In Q,[Fe^2+] is the unknown, (Cu) and (Fe)(solids) = 1 by definition, (Cu^2+) is given in the problem. Solve for Fe^2+.
To determine the concentration of Fe2+ ions ([Fe2+]) for these conditions, we can use the Nernst equation:
Ecell = E°cell - (0.0592 V/n) * log(Q)
where:
- Ecell is the cell potential under nonstandard conditions,
- E°cell is the standard cell potential,
- n is the number of electrons transferred in the balanced equation,
- Q is the reaction quotient.
In this case, n is 2 since two electrons are transferred in both the half-reactions.
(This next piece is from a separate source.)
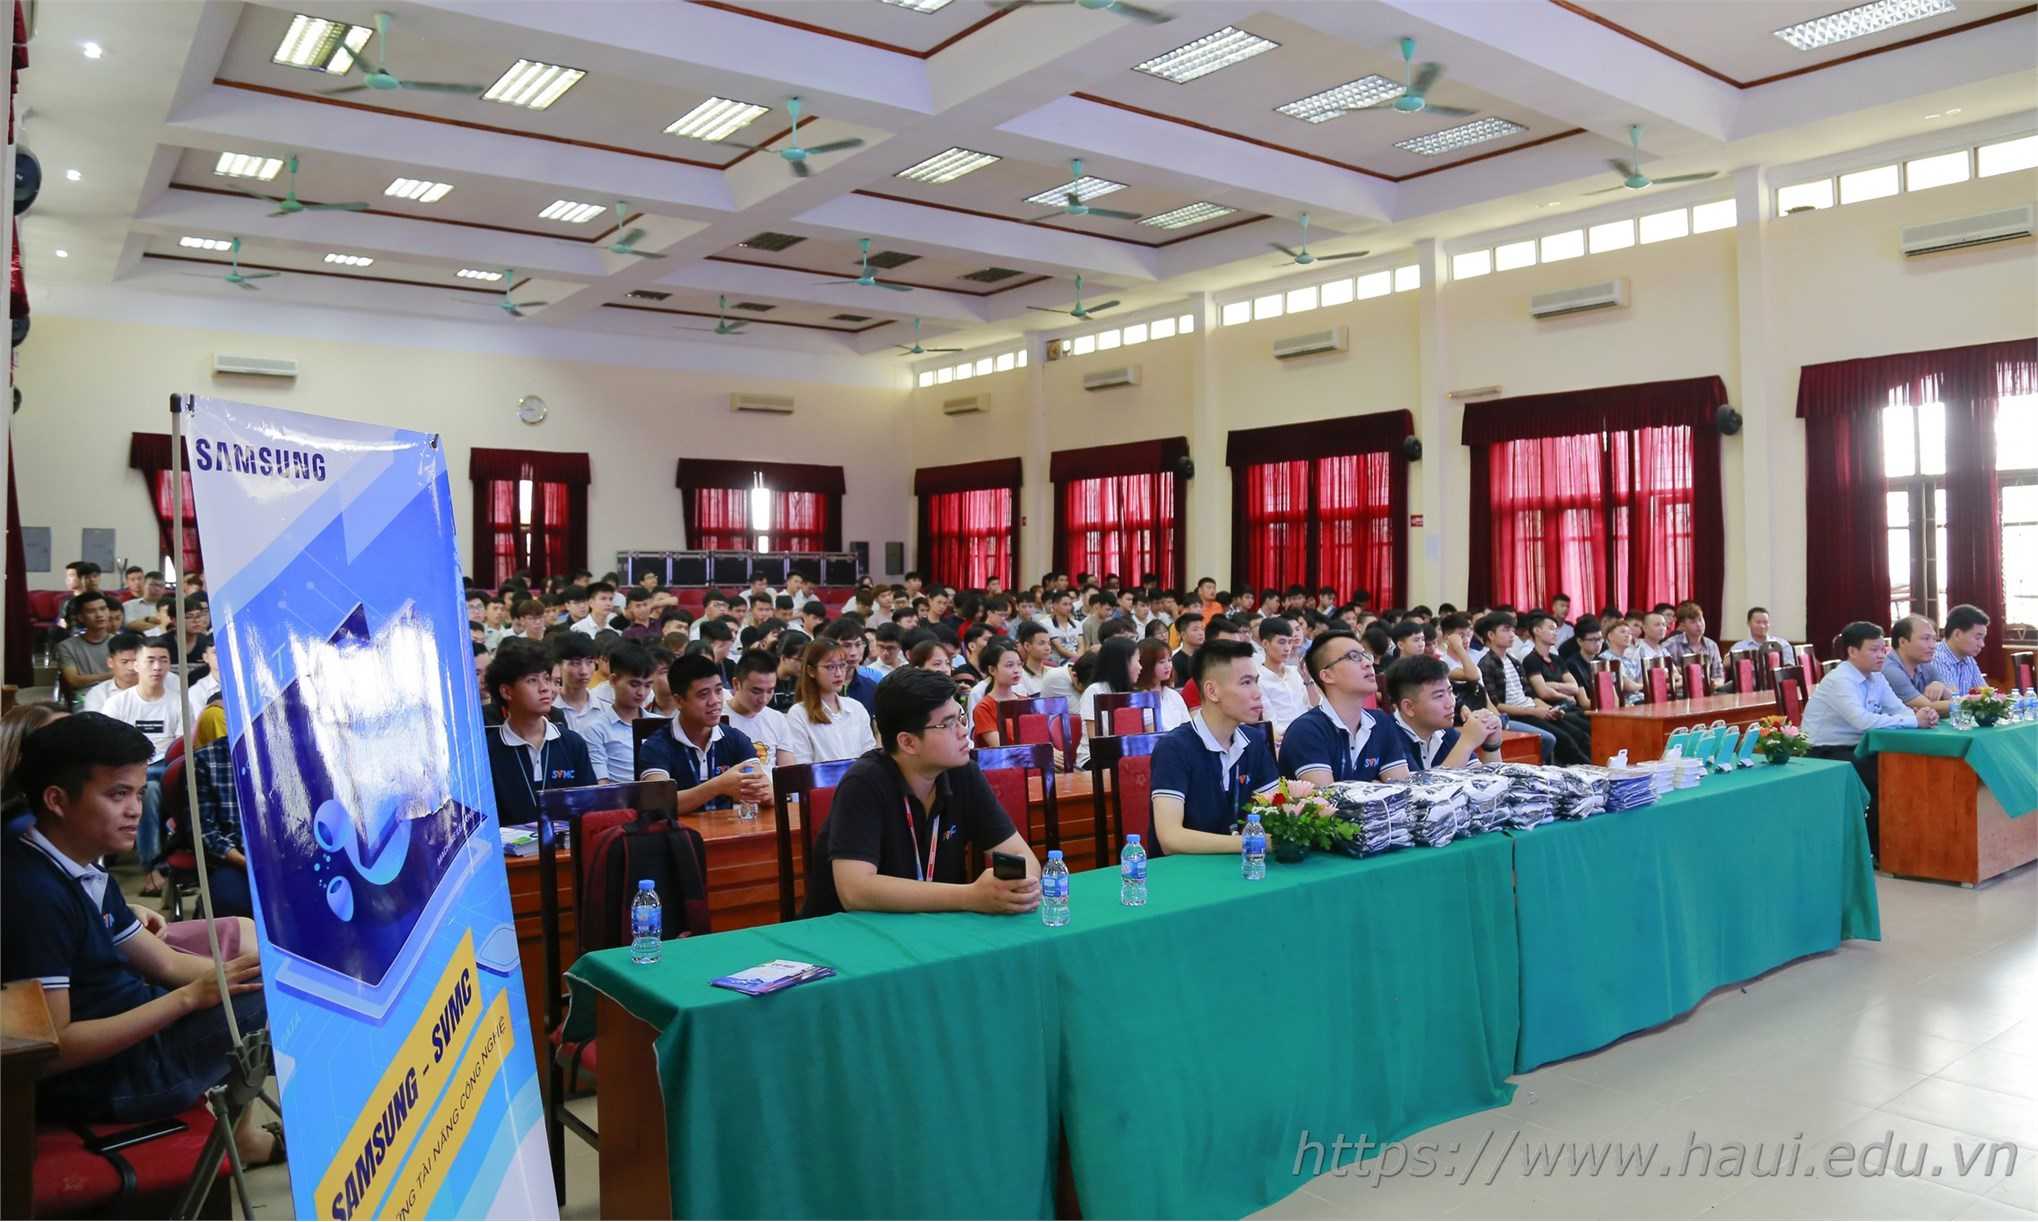 Đại học Công nghiệp Hà Nội tuyển sinh năm 2020

The reaction quotient (Q) can be calculated using the concentrations of the species involved in the half-reactions:
Q = [Fe2+]/[Cu2+]
Let's substitute the known values into the Nernst equation:
0.80 V = (0.34 V - (-0.44 V)) - (0.0592 V/2) * log([Fe2+]/0.0500 M)
Simplifying further:
0.80 V = 0.78 V - 0.0296 V * log([Fe2+]/0.0500 M)
Rearranging the equation:
0.0296 V * log([Fe2+]/0.0500 M) = 0.02 V
Taking the antilog of both sides:
([Fe2+]/0.0500 M) = 10^(0.02 V / 0.0296 V)
Now we can solve for [Fe2+] by multiplying both sides by 0.0500 M:
[Fe2+] = (10^(0.02 V / 0.0296 V)) * 0.0500 M
Using a calculator, evaluate the right-hand side of the equation, and you will get the concentration of [Fe2+] in M.